◆ **Goal of the exercise**
When you copy the material below, keep every line exact and leave each picture out.

◆ **Source material**
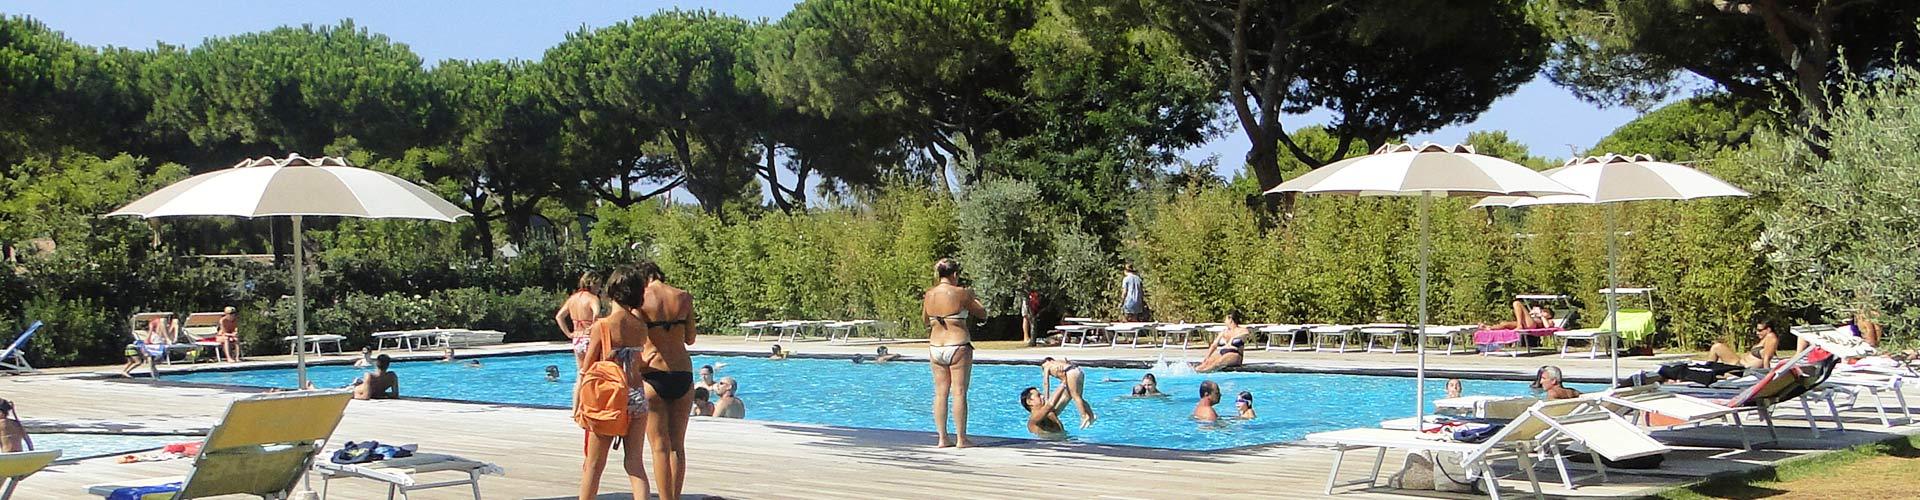 campingplatz toskana orbetello camping am meer in italien. Black Bedroom Furniture Sets. Home Design Ideas
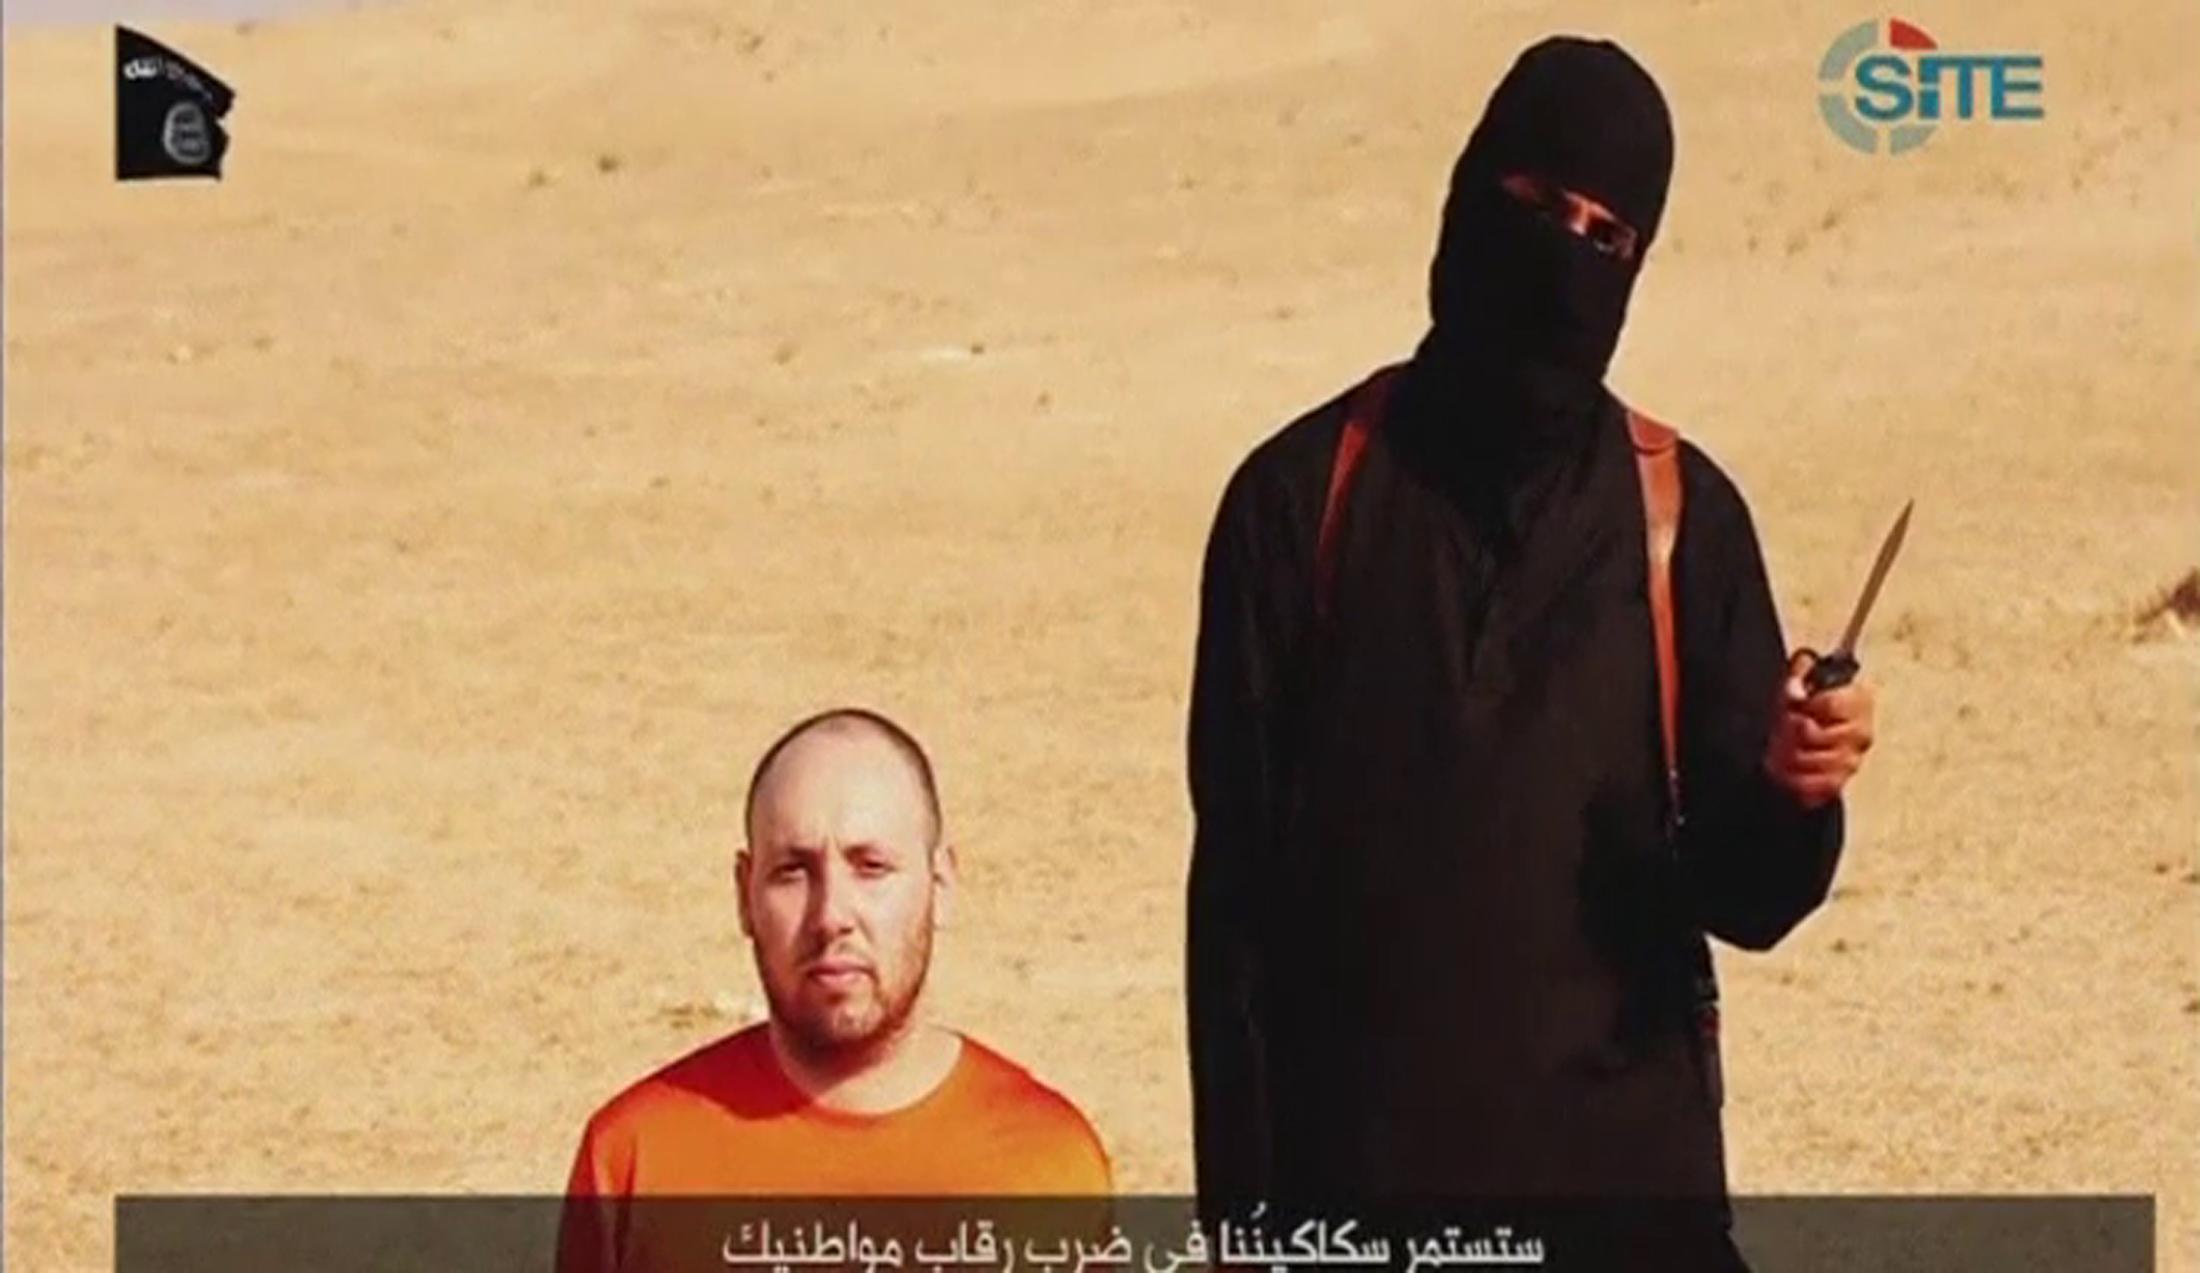 Image for Исламское государство — угроза безопасности Эстонии
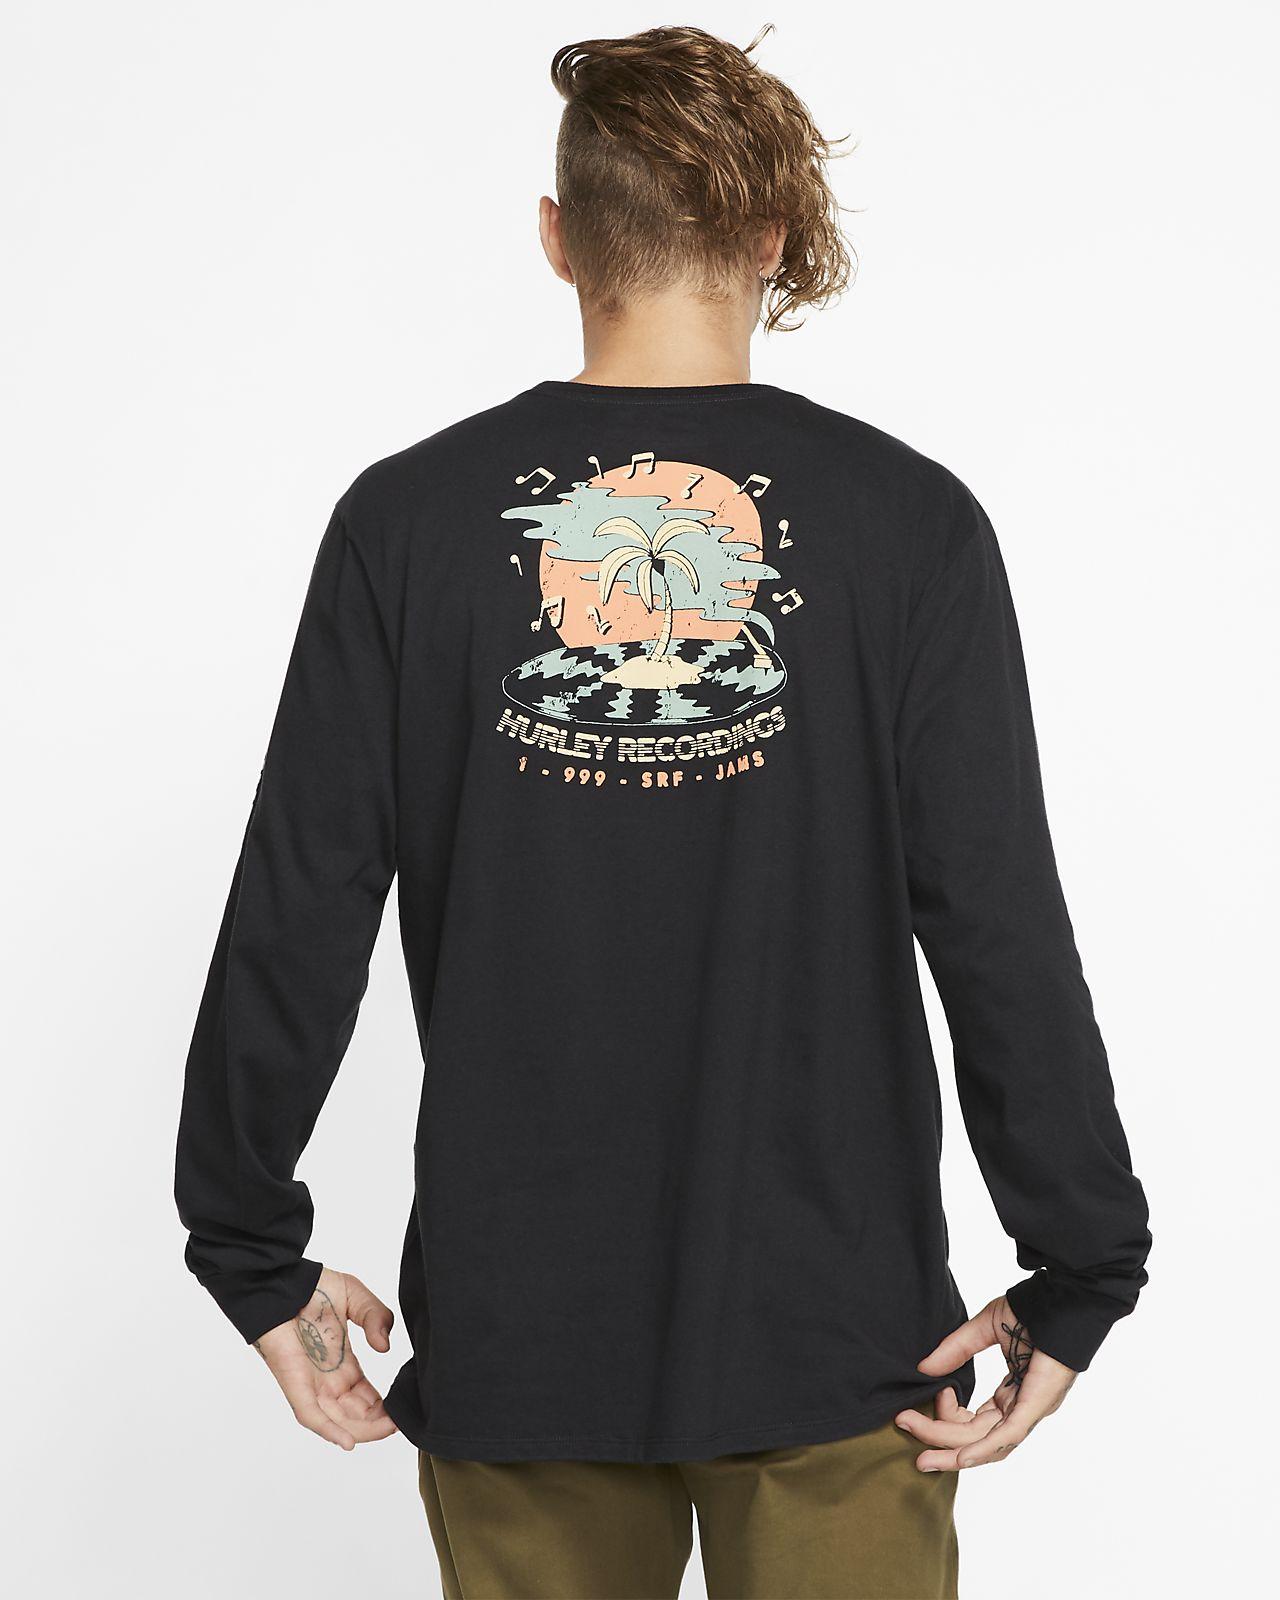 T-shirt a manica lunga Hurley Premium Record Palms - Uomo
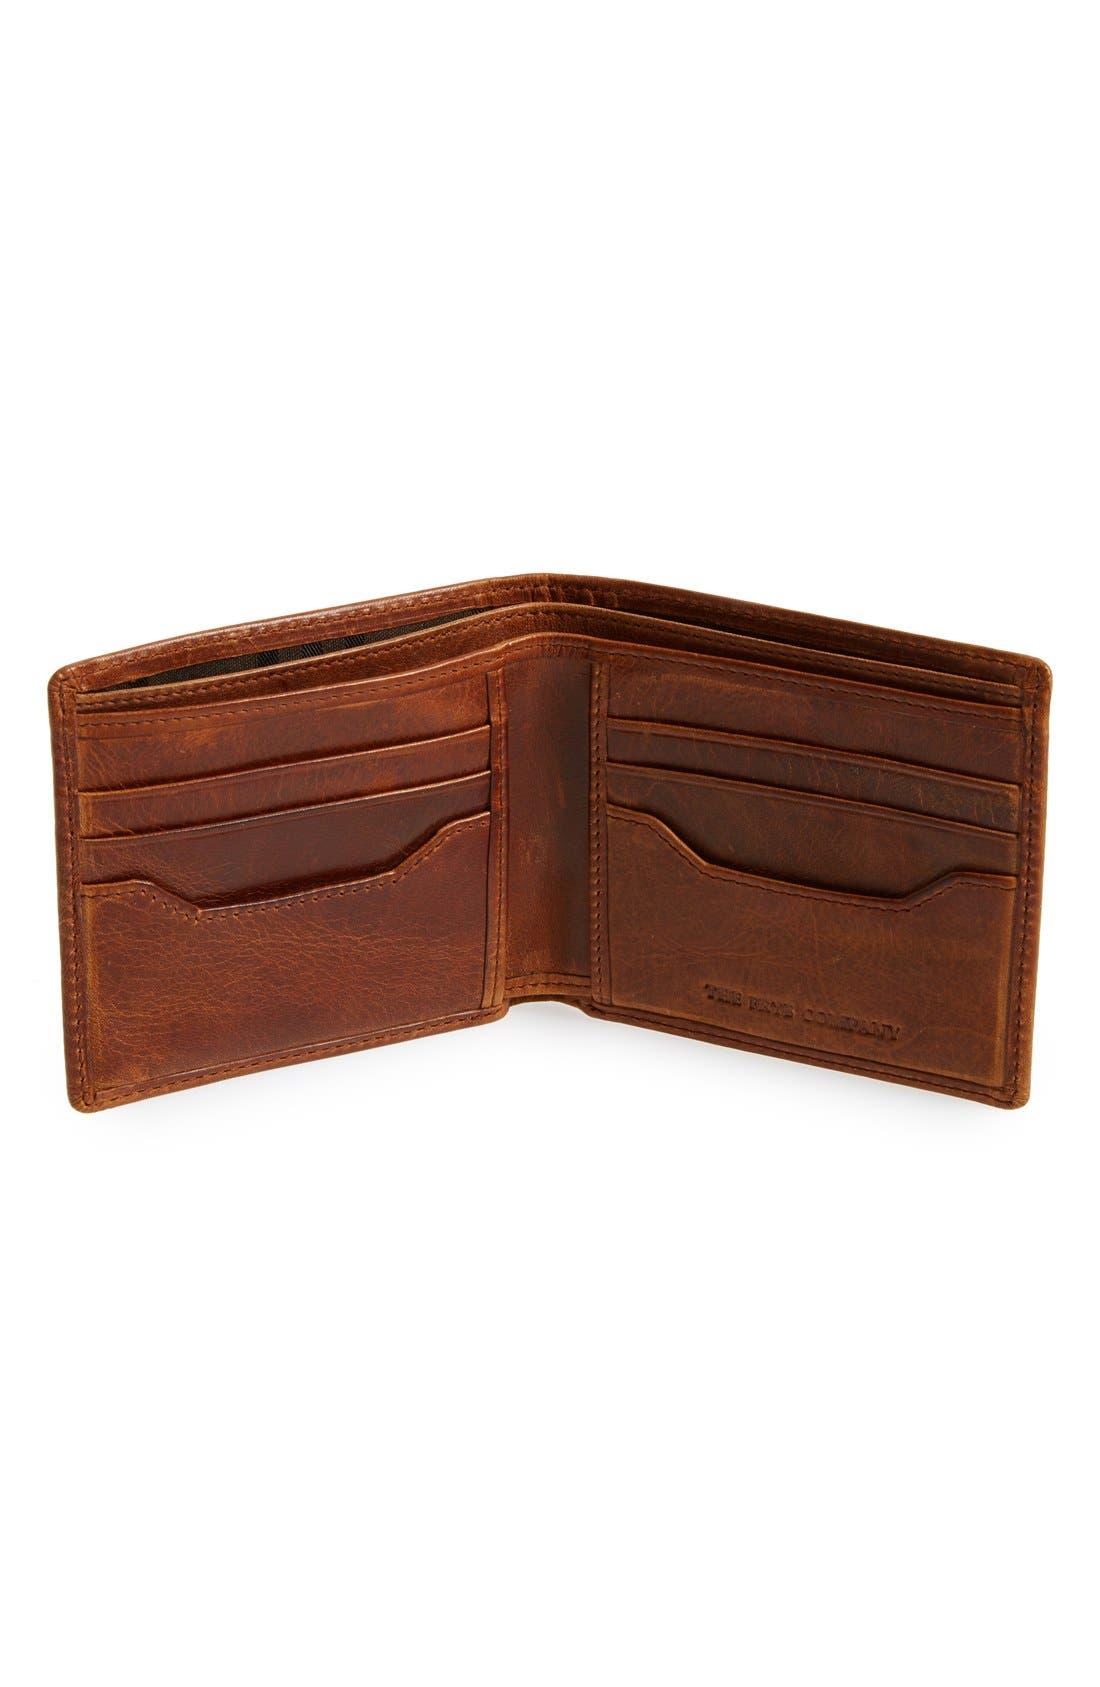 'Logan' Leather Billfold Wallet,                             Alternate thumbnail 2, color,                             COGNAC

◆ **Exercise result**
 campingplatz toskana orbetello camping am meer in italien. Black Bedroom Furniture Sets. Home Design Ideas
 Image for Исламское государство — угроза безопасности Эстонии
 T-shirt a manica lunga Hurley Premium Record Palms - Uomo
 'Logan' Leather Billfold Wallet,                             Alternate thumbnail 2, color,                             COGNAC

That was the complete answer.